Friday, Apr. 22, 1966

Food & the Mind

Just as the human fetus has long been thought capable of absorbing adequate nourishment even if the mother is starving, so the human brain has been considered able to develop normally even in a starving infant. But this could be an outdated thesis, said researchers at a Boston symposium on mental retardation convened by the Joseph P. Kennedy Jr. Foundation. There is a growing body of evidence that mental retardation is sometimes the result of malnutrition, and in the case of premature babies, who by definition have not been nourished up to a normal birth weight, the effects may be seen even in as well-fed a society as the U.S. Elsewhere, three-fourths of the world's billion children are rated as undernourished, with horrendous implications for retardation of mental development.
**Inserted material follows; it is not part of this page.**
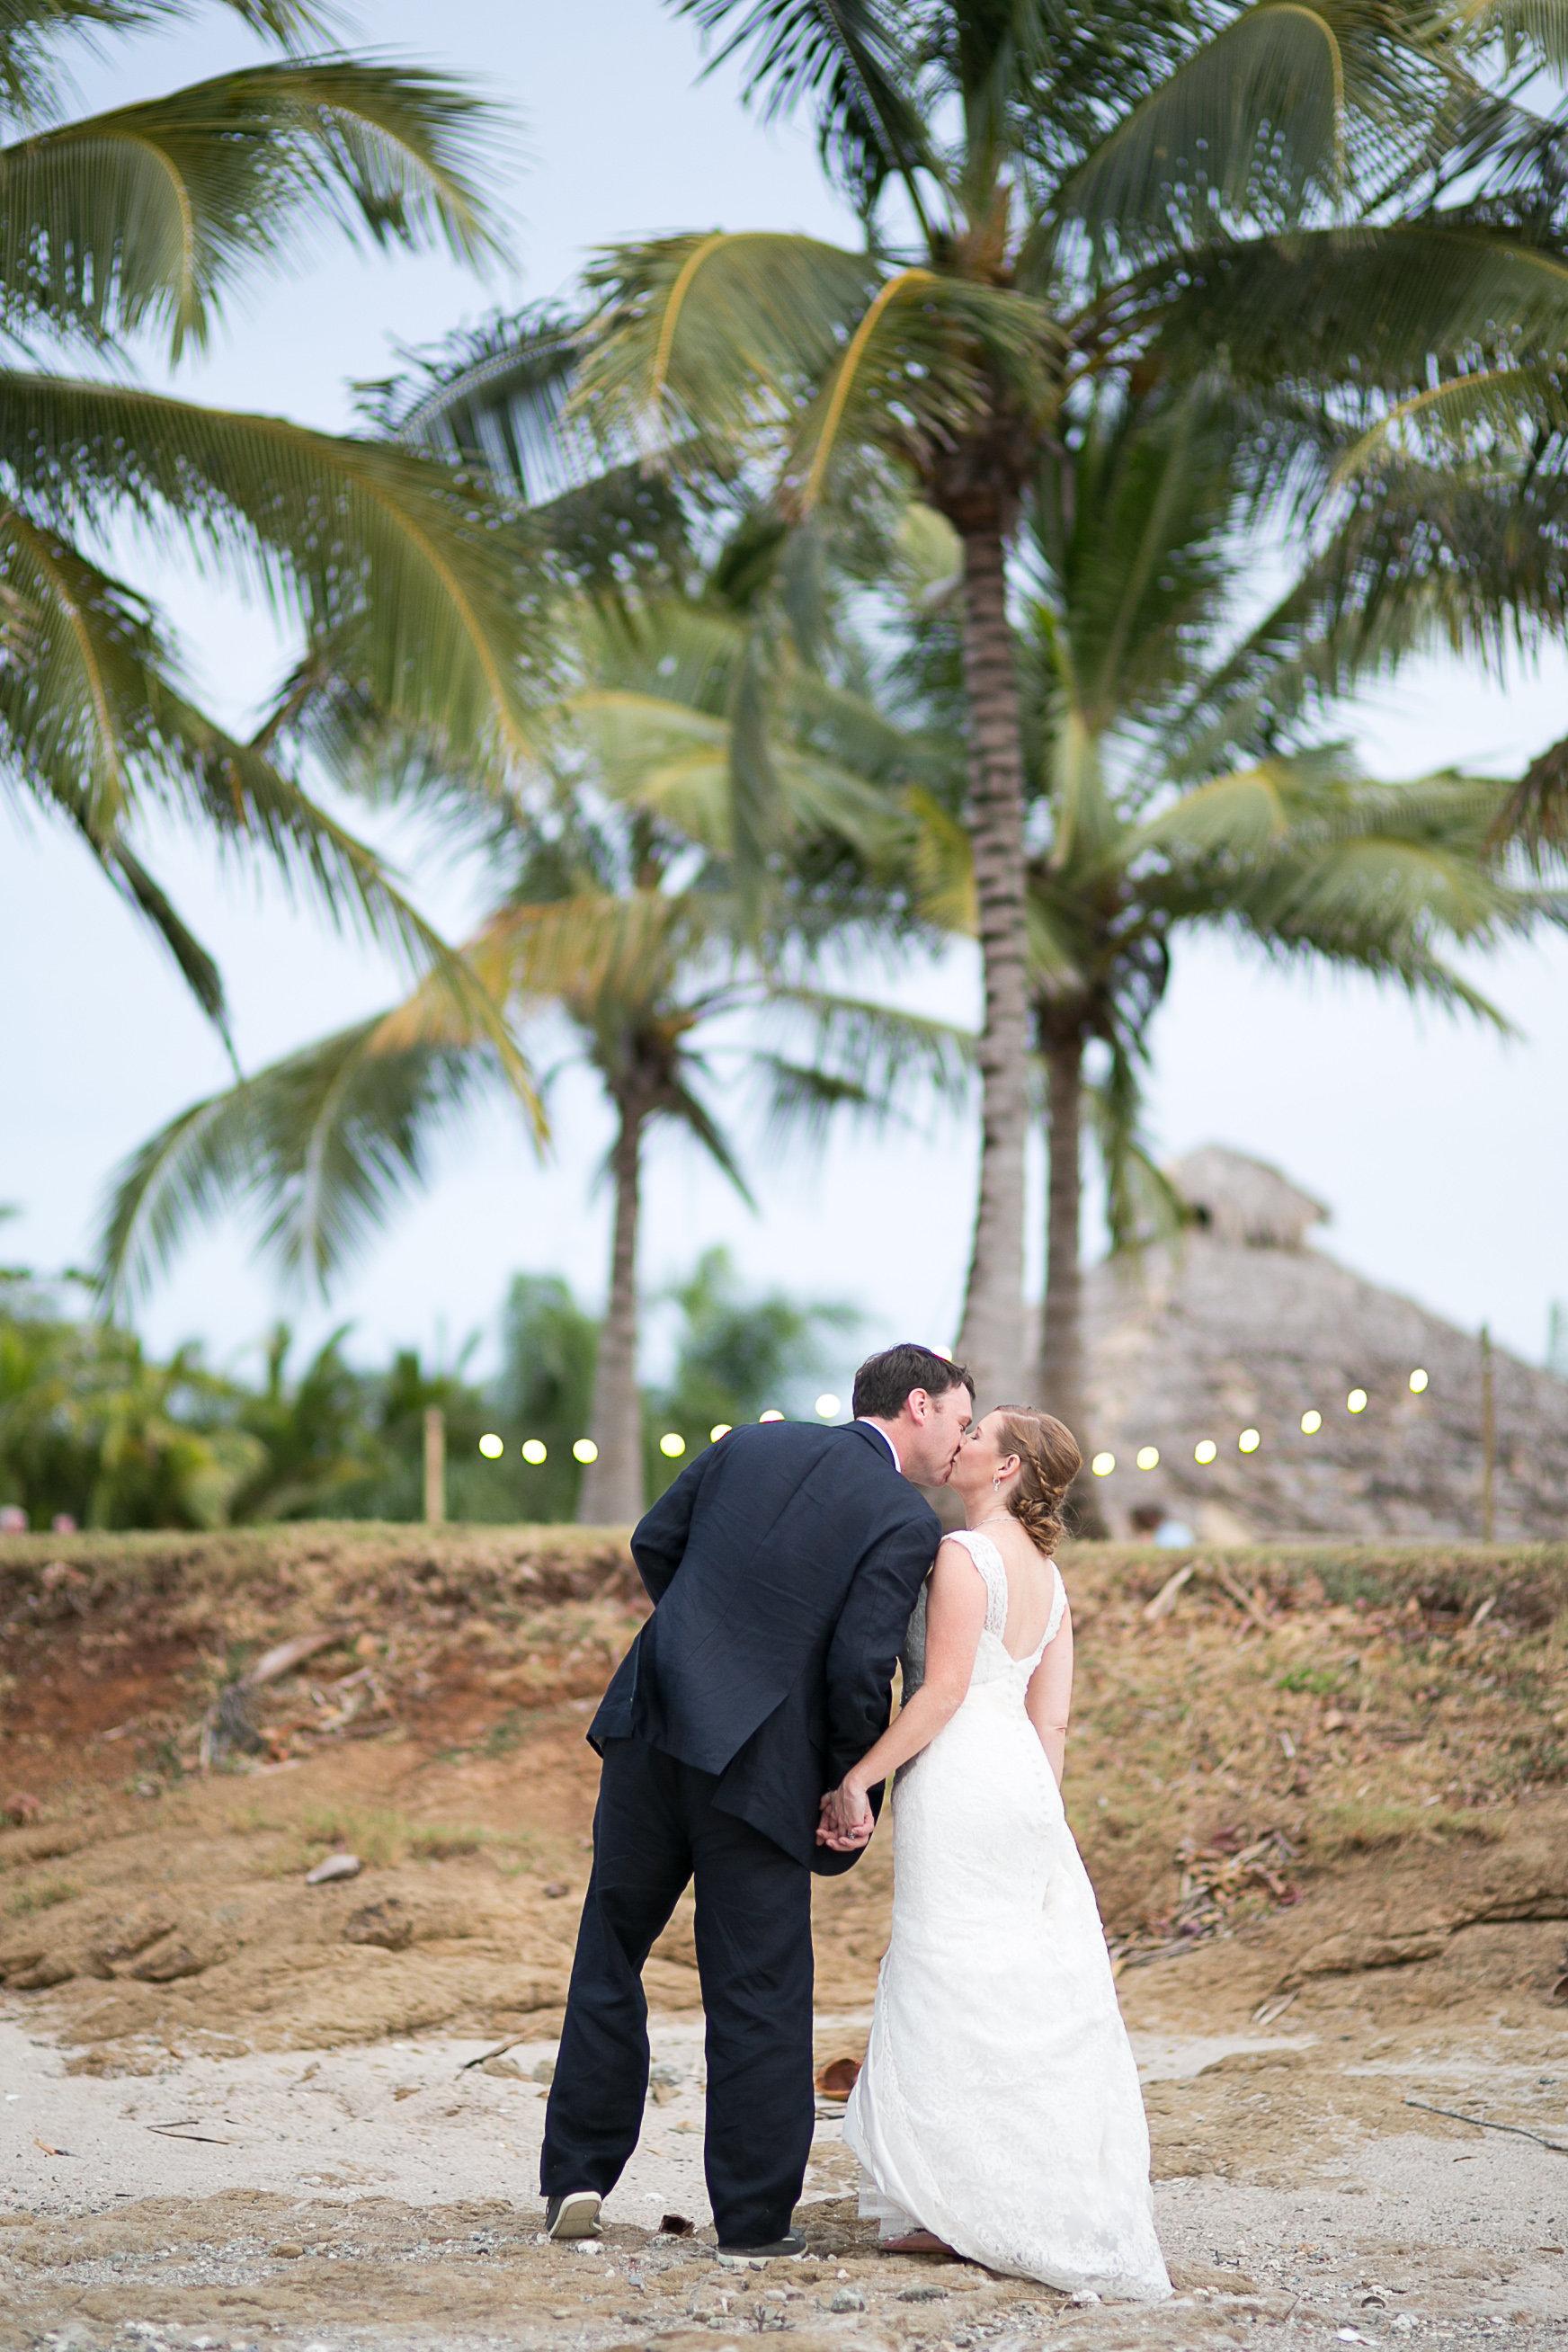 tropical wedding – Page 2 – Weddings Costa Rica

Growing Brain. Though there are countless kinds of malnutrition, the researchers reporting in Boston concentrated on protein-calorie deficiency--an overall shortage of food, including a conspicuous deficit of protein. In Mexico City, reported Dr. Joaquin Cravioto, infants under six months old who had to be hospitalized for this type of malnutrition recovered but then developed much more slowly mentally than older children who suffered from the same condition. Studies in Yugoslavia indicate that such children fail to catch up even seven to 14 years later.
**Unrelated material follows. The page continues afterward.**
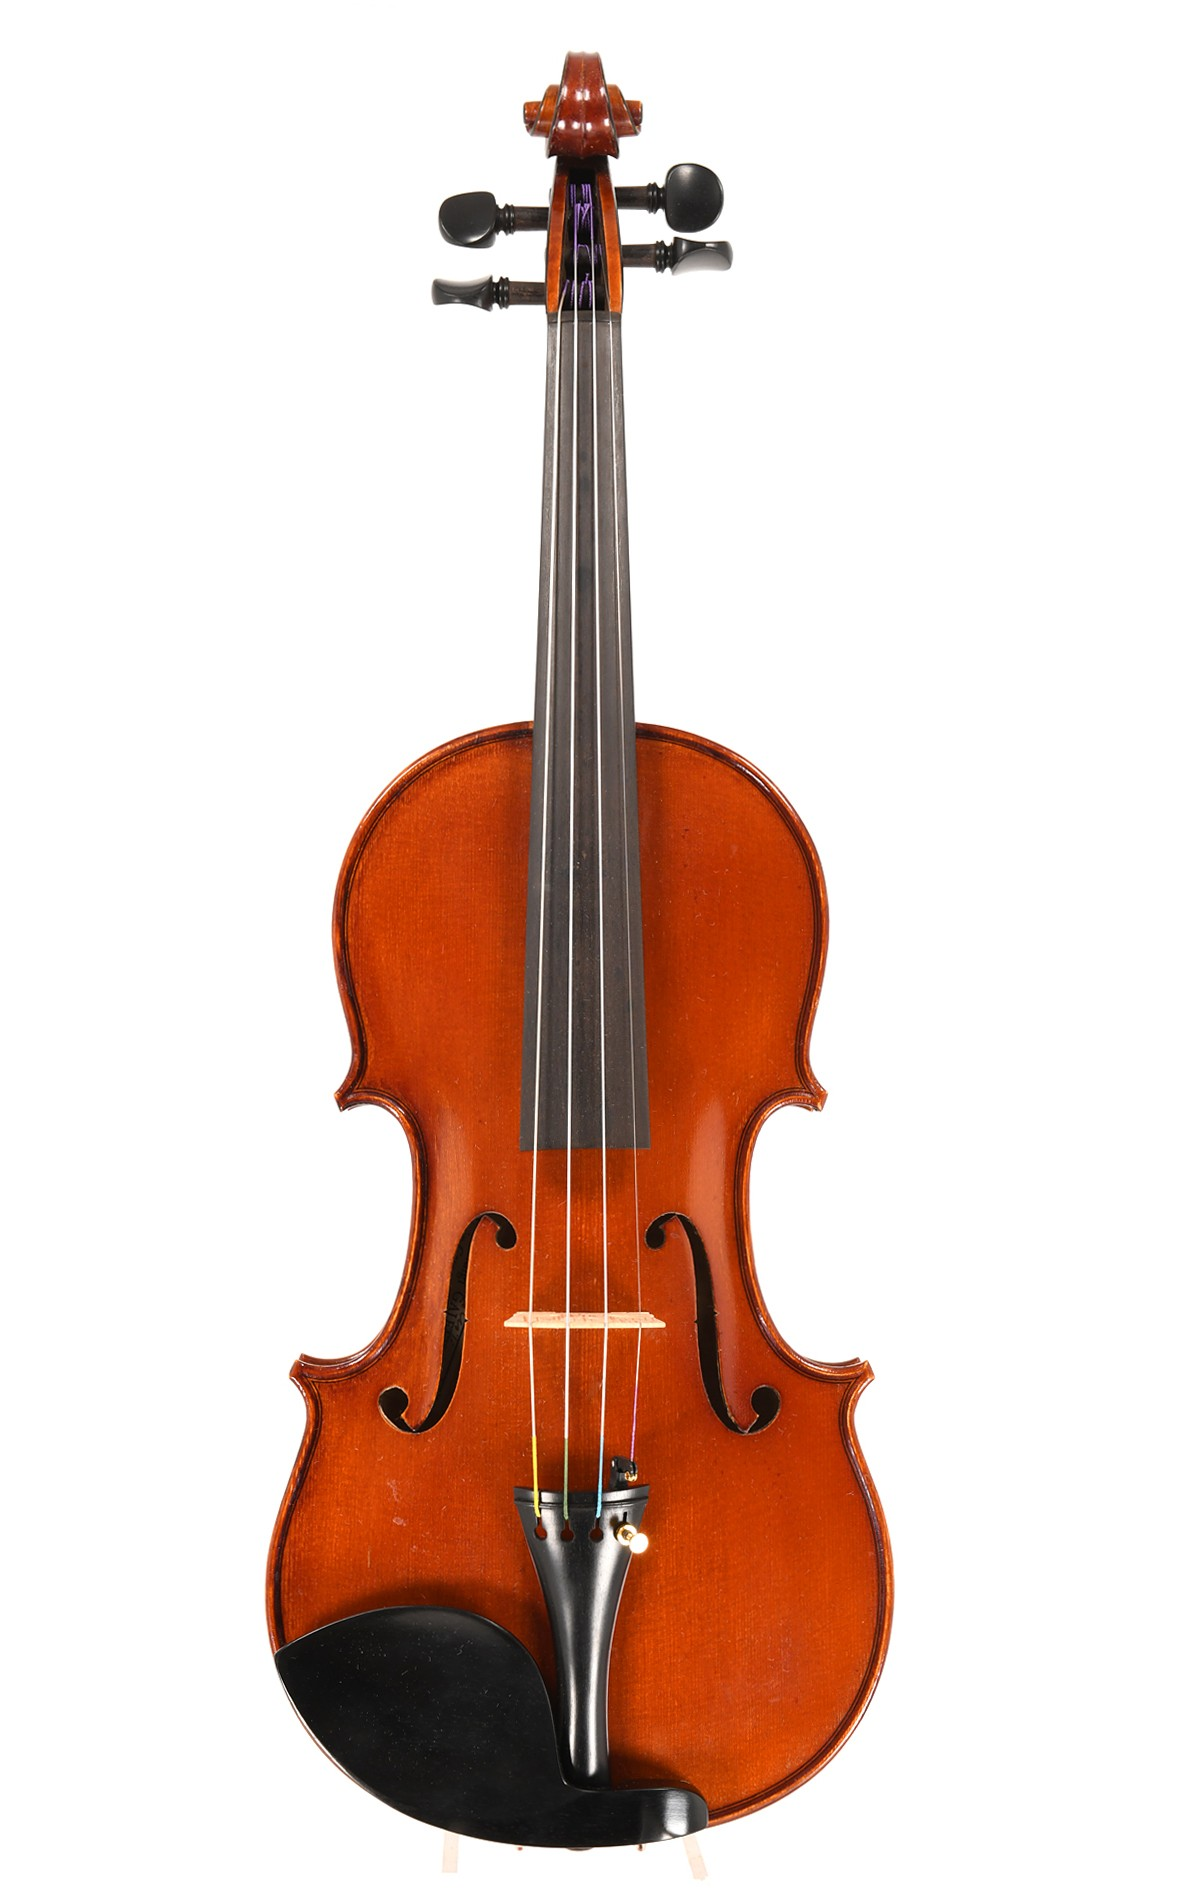 Italian violin - Pierluigi Galetti, Cremona 1999

This failure, Dr. Cravioto suggested, may be related to the fact that a baby's brain grows fastest at birth and shortly afterward, gaining weight at the rate of about an ounce every two weeks. Reporting similar findings in laboratory animals, the University of London's Dr. John Dobbing said that underfeeding of newborn rats and pigs interferes with the growth of fatty, myelin sheaths around nerve fibers. And this brain damage cannot be fully repaired by normal feeding in later life.
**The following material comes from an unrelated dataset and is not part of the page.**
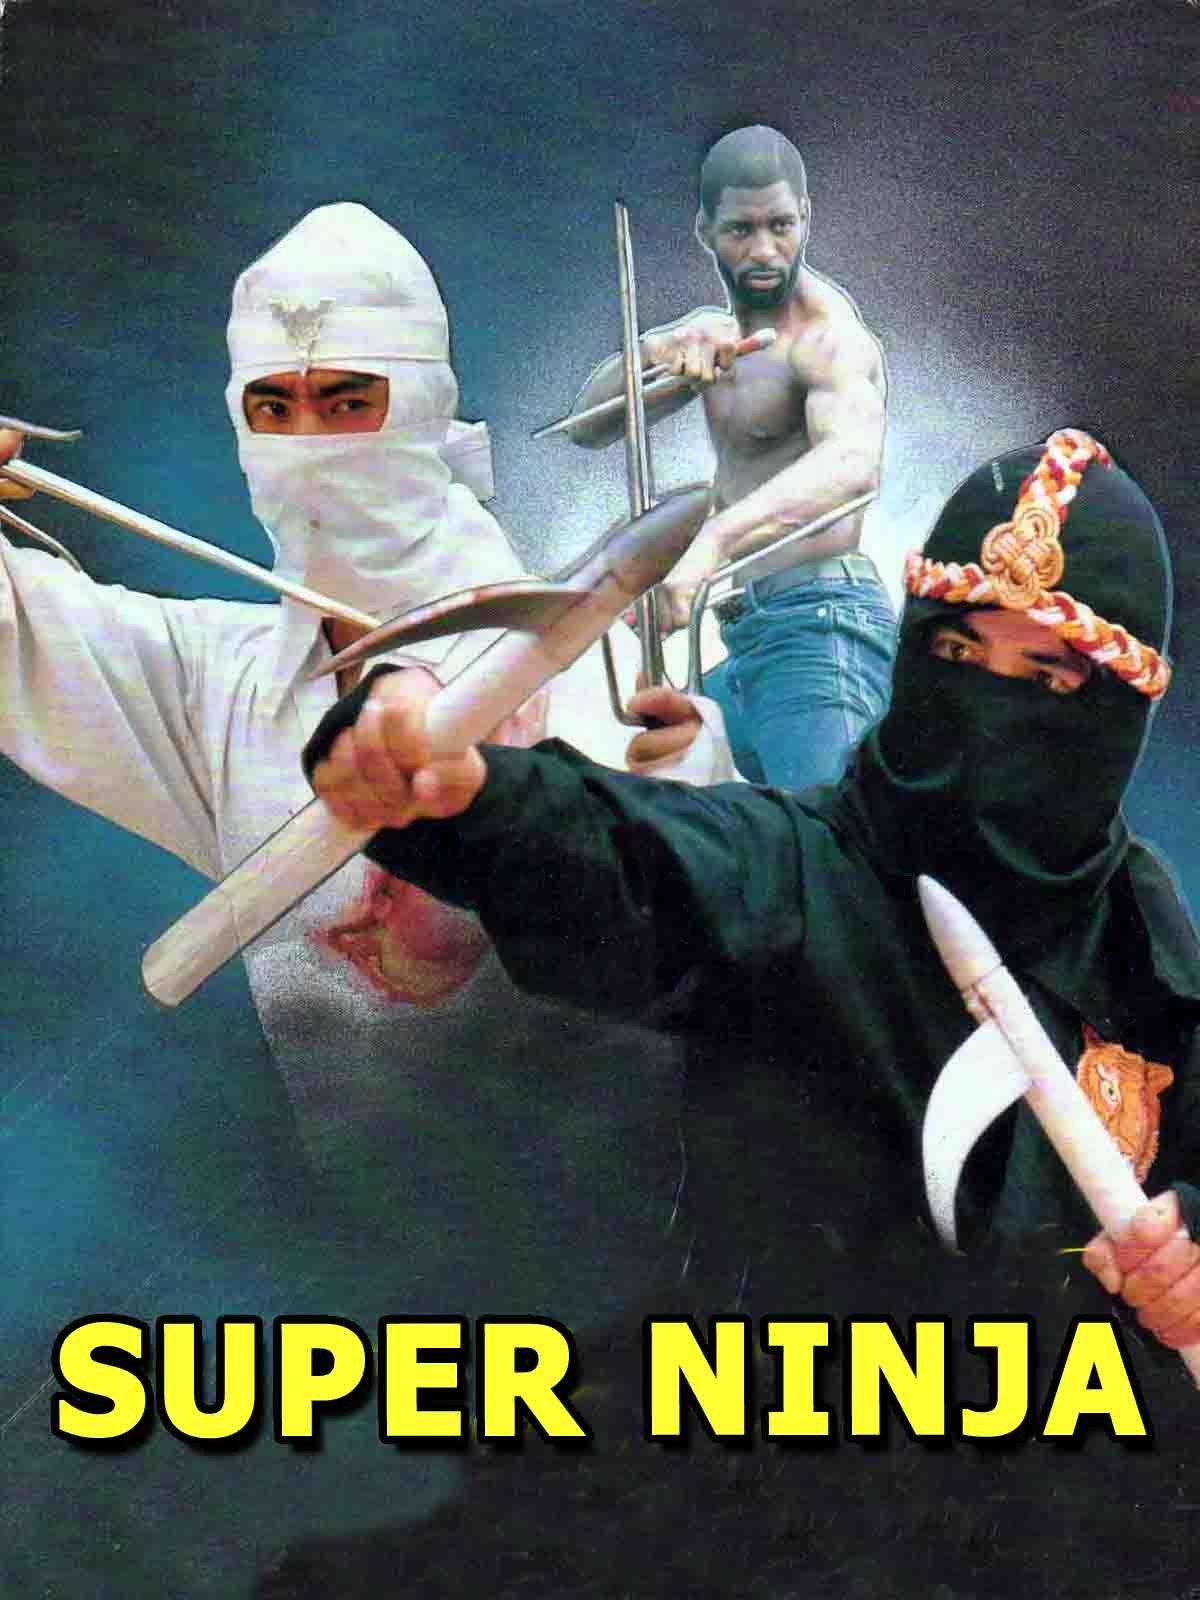 Watch Super Ninja | Prime Video

Rh Factor. Such investigations into the causes and treatment of mental retardation are being greatly intensified. But the Kennedy Foundation's current awards, totaling a lavish $200,000, went for research done long ago and for work in caring for the millions of current victims. The winners:

>Drs. Alexander S. Wiener and Philip Levine, whose parallel work in New York City showed that the Rh factor is a major source of blood incompatibility, and that this incompatibility may in turn cause irreversible brain damage (personal awards of $6,250 each).

>Dr. Louis K. Diamond of Boston and Cornell University's Dr. Fred H. Allen Jr., for developing the technique of total replacement of a newborn baby's blood to avert the effects of Rh incompatibility (to each, $6,250 plus $25,000 for more research).

>Dr. Renee Silvie Portray, for leadership in setting up treatment centers for the mentally retarded in Belgium, and Mrs. Eloisa Garcia Etchegoyhen de Lorenzo, for doing the same in Uruguay (to each, a personal $12,500 plus $25,000 to carry on her work).

>The Sisters of the Third Order of St. Francis of Assisi (Mother Mary Romuald, Superior General) of Milwaukee, for education and care of the mentally retarded ($50,000). The sisters run the special school in Wisconsin where Rosemary Kennedy has lived since 1941.